Toona ciliata is a deciduous, broad-leaved, fast-growing tree species belonging to the Toona genus in Meliaceae. Flowers of this species are small, and pollen is dispersed mainly by the wind. This species is known as “Chinese mahogany”, since the color of the wood is red, and the wood grain is very beautiful; therefore, T. ciliata is a valuable timber species with high economic value and development prospects (Liu et al., 2006; Zhang et al., 2006). Numbers of this species have declined due to environmental changes, logging, and its slow regeneration. The tree species is classified as second-class protection of endangered species in the Wildlife Conservation and Nature Reserve Management Department of the State Forestry Administration, Institute of Botany in Chinese Academy of Sciences (2013). It is also listed as a rare and endangered species throughout the provinces (Lou and Jin, 2000; Zhang, 2000; Liu and Wu, 2005).
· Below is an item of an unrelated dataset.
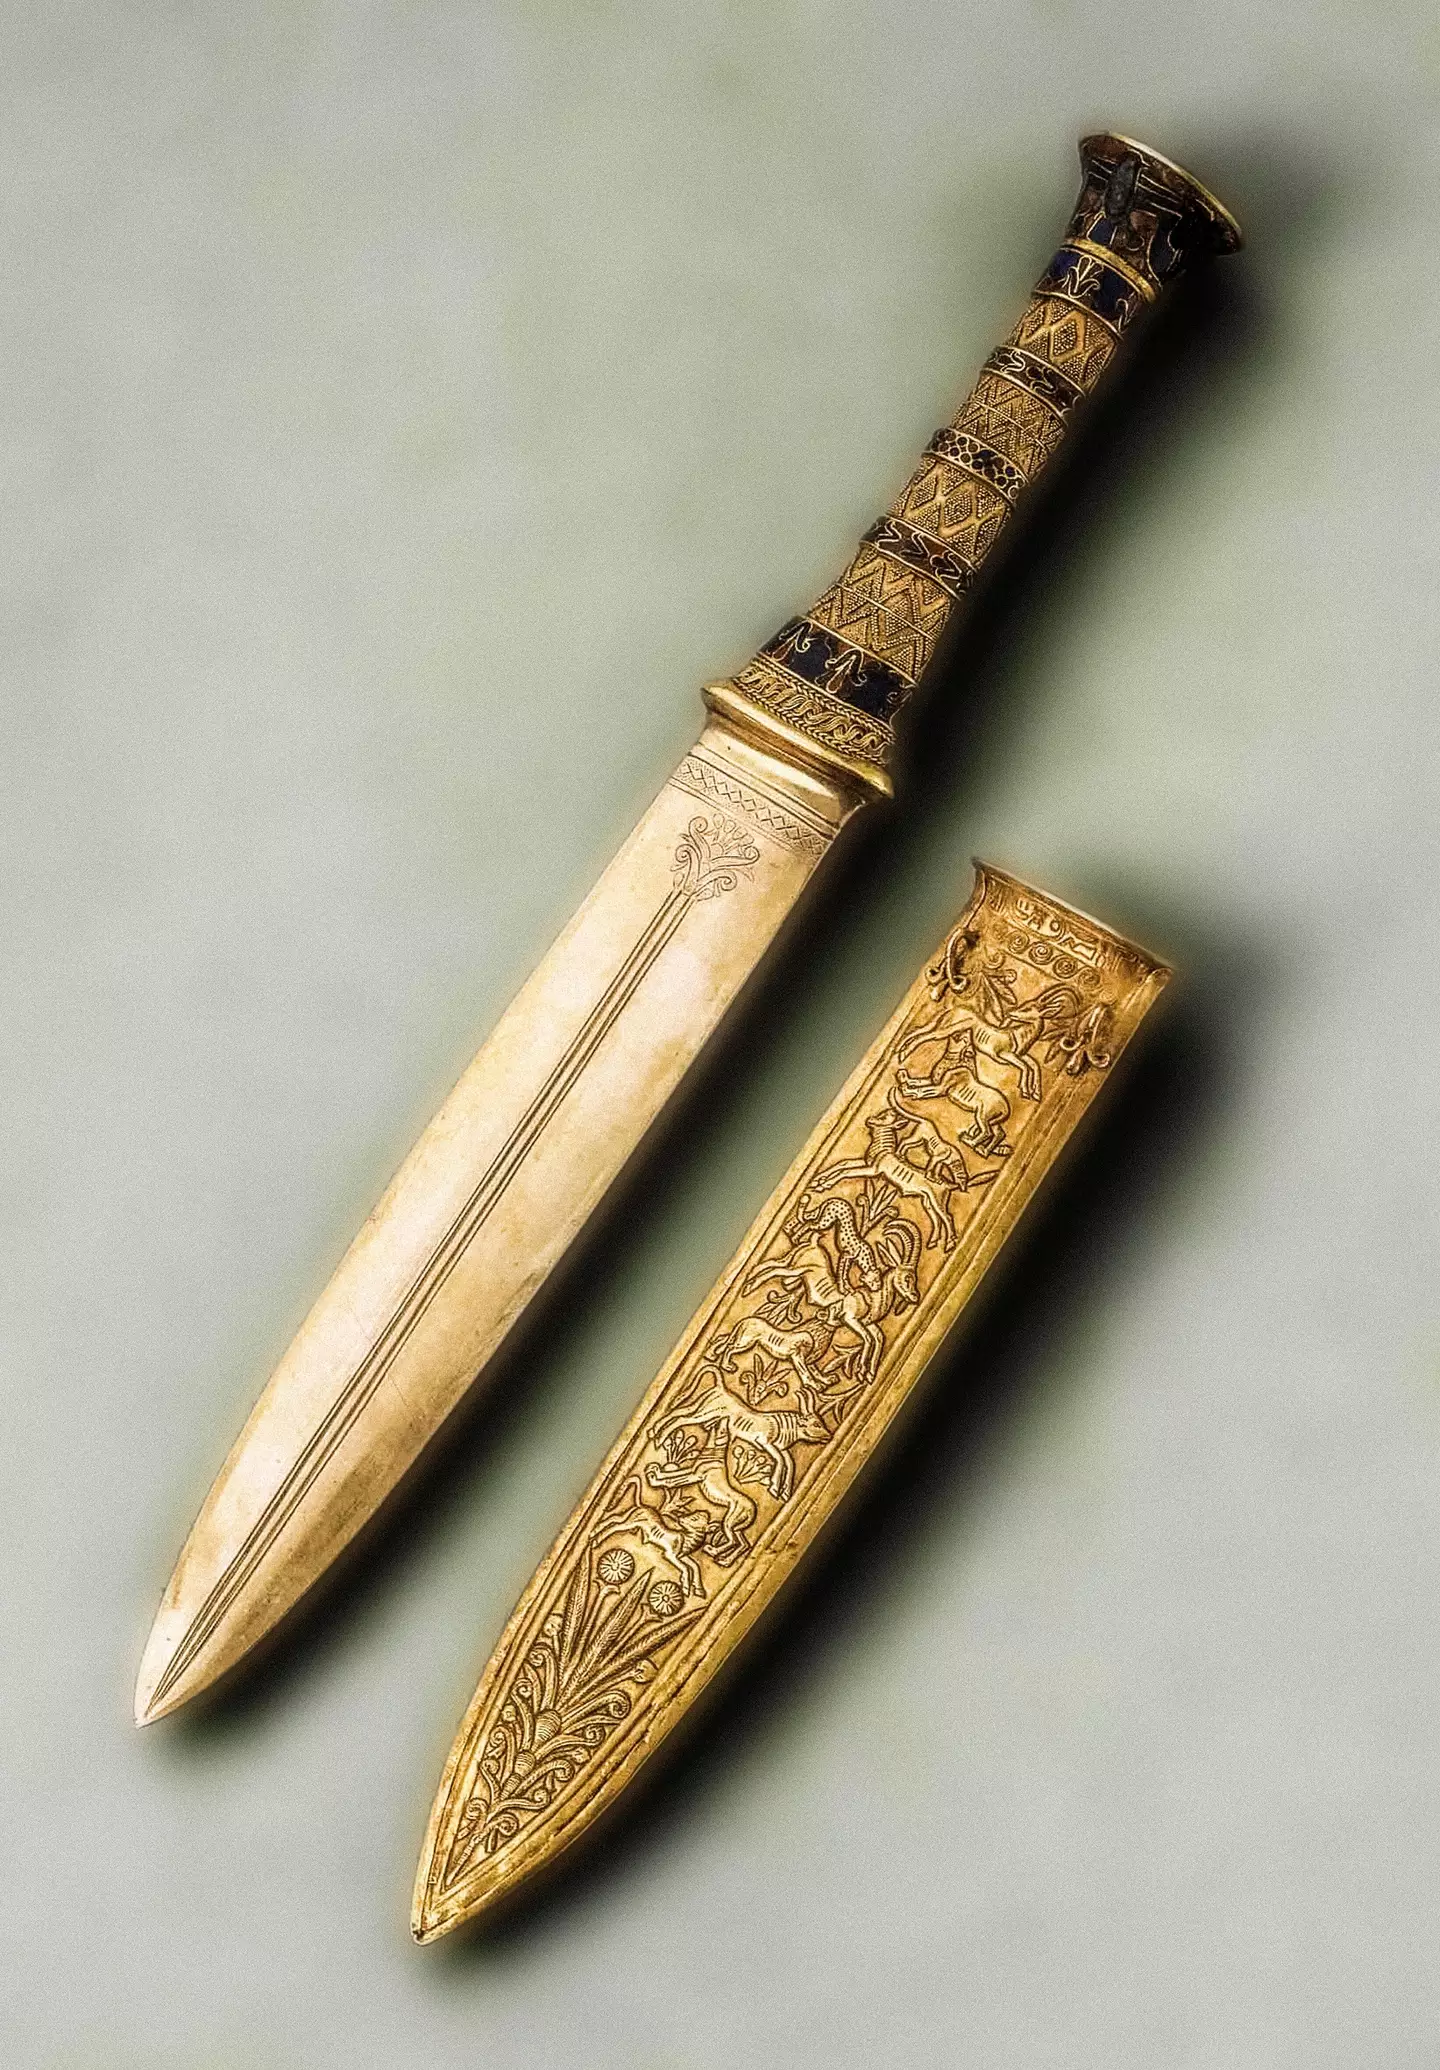 Tutankhamun's dagger, which scientists believe came from outer space.

Therefore, genetic studies on the conservation of species diversity are urgent. Preliminary reports on the genetic diversity of this species include the genetic structure of natural populations (Liu et al., 2009), spatial genetic structure (Liu et al., 2008), and community structure (Liu et al., 2010). However, sampling strategies were not investigated in these studies, and no suitable sampling strategy was developed to conserve natural populations of T. ciliata.
In view of this, materials collected in natural populations were used to analyze genetic diversity and spatial genetic structure with microsatellite loci. A reasonable sampling strategy in natural populations based on the results was developed, including the number of sampled populations, sampled individuals within populations, and the distance among sampled individuals. The study will guide the conservation of genetic diversity, germplasm collections, and preservation.

MATERIAL AND METHODS

Materials

Seven populations were surveyed in Zhejiang, Jiangxi, and Yunnan Provinces China in 2005 and 2006. Detailed information on the seven populations is listed in Table 1. Every individual was recorded using GPS positioning in the Yifeng population in Jiangxi Province. The distance between each individual was more than 50 m. Upper leaves were collected from trees, separated, and dried rapidly with silica gel at a leaf mass ratio of 10:1.

Geographic location and number of individuals sampled from seven natural populations of Toona ciliata.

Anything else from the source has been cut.